Check the Comparison Result Description for this scenario.

In Caffe scenarios, accuracy comparison of both quantized and non-quantized models is supported.

In non-quantization scenarios, prepare the input data listed in the following table.

**Table 1** Input data requirements for comparison between a non-quantized original model and a non-quantized offline model
File	Description	How to Obtain
.npy file of the non-quantized original model	Benchmark data	Preparing .npy Data of a Caffe Model
.json file generated by converting the offline model file using ATC	Operator mapping obtaining	Network-wide Information File
Dump data file of the non-quantized offline model running on the Ascend AI Processor	Data to be compared	In the offline inference scenario, the methods for obtaining the dump data of the NPU environment are the same for different frameworks. For details, see the following: Preparing Dump Data of an Offline Model

In quantization scenarios, to analyze the accuracy issues arising in quantization and model conversion in detail, perform the following steps for comparison:
- The quantization process reduces the precision of model weights and activations to make the model lighter, improving the compute efficiency and lowering the transfer latency. For details, see the AMCT Instructions.
- AMCT will insert quant and dequant operators when quantizing the original model, while ATC will fuse the inserted operators during model conversion. In this case, the comparison between the dump result of the quantized model and that of the original model may be inaccurate.
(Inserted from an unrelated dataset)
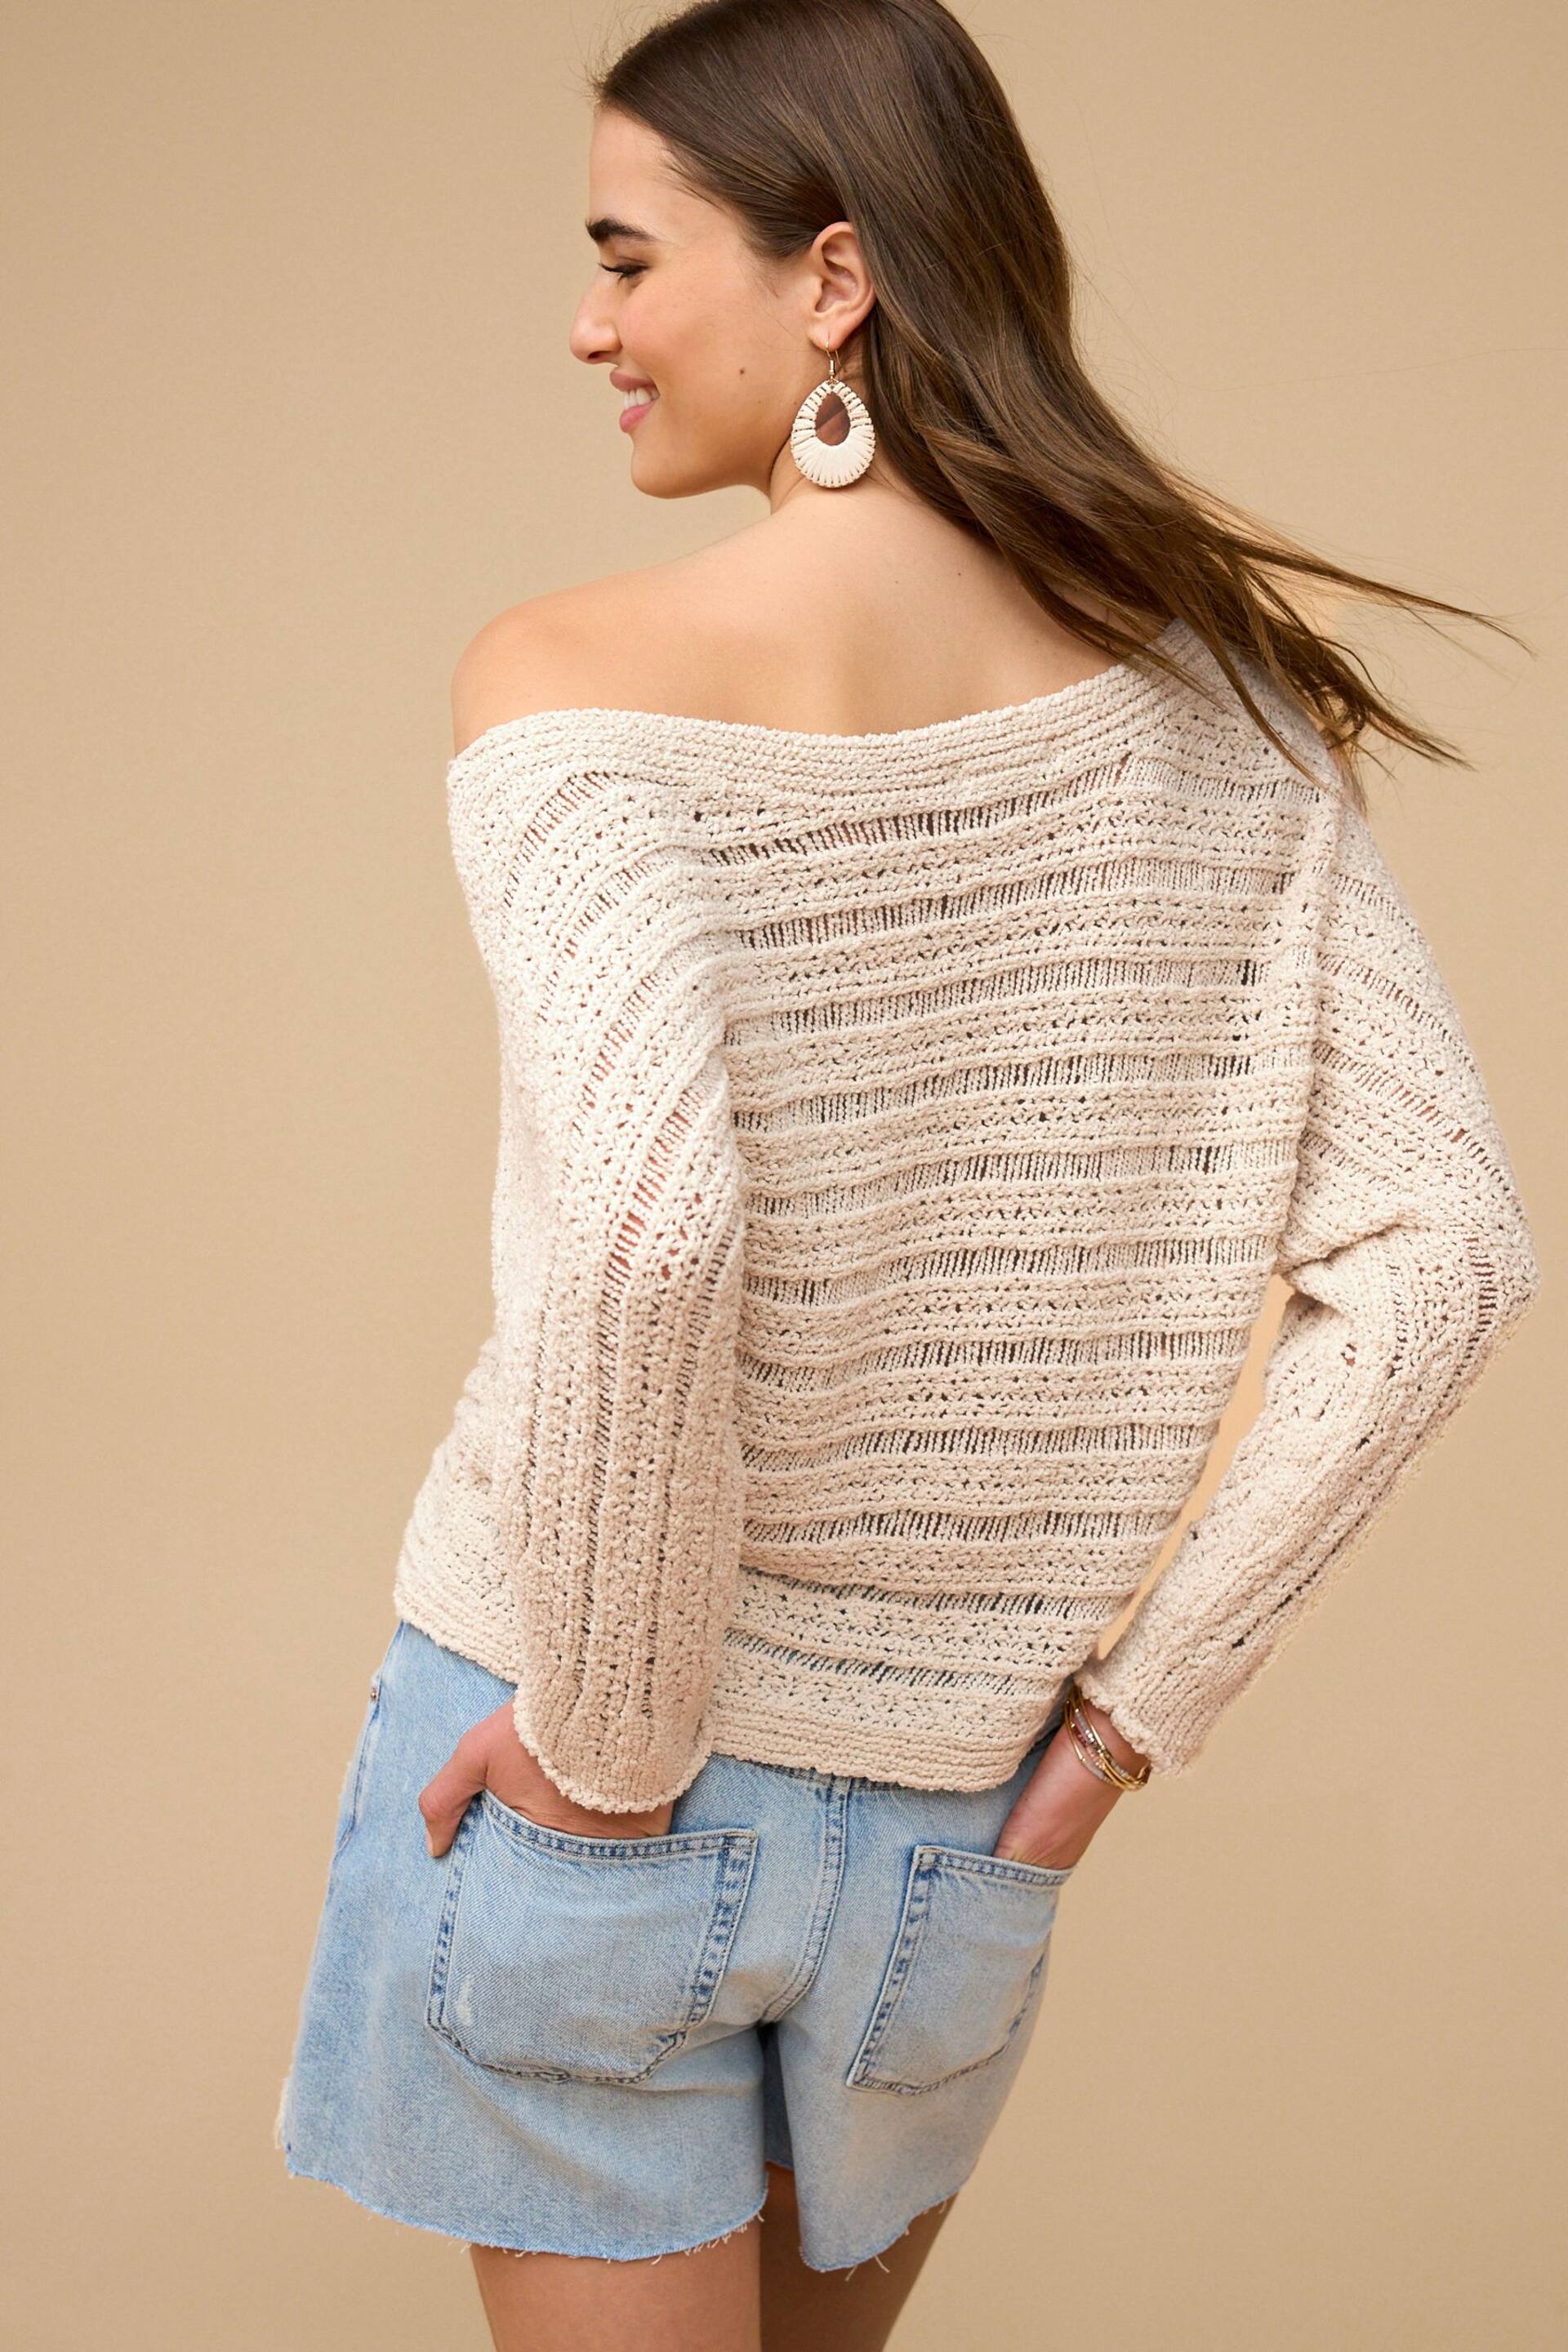 White Knitted Long Sleeve Off The Shoulder Top - Image 3 of 6

Therefore, if you want to use the AMCT-quantized model for accuracy comparison, pass --fusion_switch_file to disable some fusion functions and perform operations in Comparison Between NPU and NPU (Offline Inference) after accuracy comparison to check whether accuracy differences exist before and after fusion.
In offline inference scenarios of Caffe, model quantization is utilized to enhance performance, but it can lead to accuracy degradation. Typically, a certain degree of accuracy degradation is acceptable to achieve improved performance, usually within a range of 1%. However, if the error exceeds this range, it is necessary to locate the root cause and address it accordingly. The possible causes for large accuracy errors are as follows:
- The quantization process causes accuracy degradation.
- An accuracy issue arises when the quantized offline model, which is converted from the quantized original model through ATC, runs on the NPU due to changes in operators.
Based on the above causes, you need to locate an accuracy issue step by step.
1. Locate the accuracy issue in the quantization process.
  Compare the accuracy of a non-quantized original model (GPU/CPU) with that of a quantized original model (GPU/CPU).
  1. Refer to Preparing .npy Data of a Caffe Model to obtain the dump data files of the non-quantized original model files resnet50.prototxt and resnet50.caffemodel.
  2. Refer to Quantized Original Model and Quantization Information File to obtain the quantized original model files resnet50_deploy_model.prototxt, resnet50_deploy_weights.caffemodel, resnet50_fake_quant_model.prototxt, and resnet50_fake_quant_weights.caffemodel, and the quantization information file resnet50_quant.json.
  3. Refer to Preparing .npy Data of a Caffe Model to obtain the dump data files of the quantized original model files resnet50_fake_quant_model.prototxt and resnet50_fake_quant_weights.caffemodel.
  4. Refer to Comparison Operation and Analysis to compare the accuracy of the non-quantized original model with that of the quantized original model.
  5. After the accuracy comparison is complete, check the accuracy error of the quantized model. Generally, this error is determined by the top N accuracy of a batch of data of the model, such as the accuracy error of 10,000 to 100,000 images. If it is within 1%, it is basically reasonable and does not require further investigation. If it exceeds 1% or even reaches 3%, the accuracy issue caused by quantization cannot be ignored.
  6. Check whether the quantization process is properly designed. For example, you need to check whether the selected quantization dataset is representative and meets the business needs, and whether the data volume is too small or whether it falls within the normal range of 10 to 100.
  7. If the accuracy error in quantization is large, you are advised to manually dequantize the input and output layers of the model, which can generally improve accuracy to some extent.
2. Locate the accuracy issue arising in model conversion, specifically the accuracy issue of the quantized offline model when running on the NPU.
  Compare the accuracy of a quantized original model (GPU/CPU) with that of a quantized offline model (NPU, fusion pattern disabled).
  
  Operator fusion is enabled for ATC-based model conversion by default. Therefore, to eliminate the inability to directly compare the accuracy of fused operators, disable operator fusion before performing model conversion.
  1. Disable operator fusion and perform ATC-based model conversion to obtain the quantized offline model (fusion pattern disabled).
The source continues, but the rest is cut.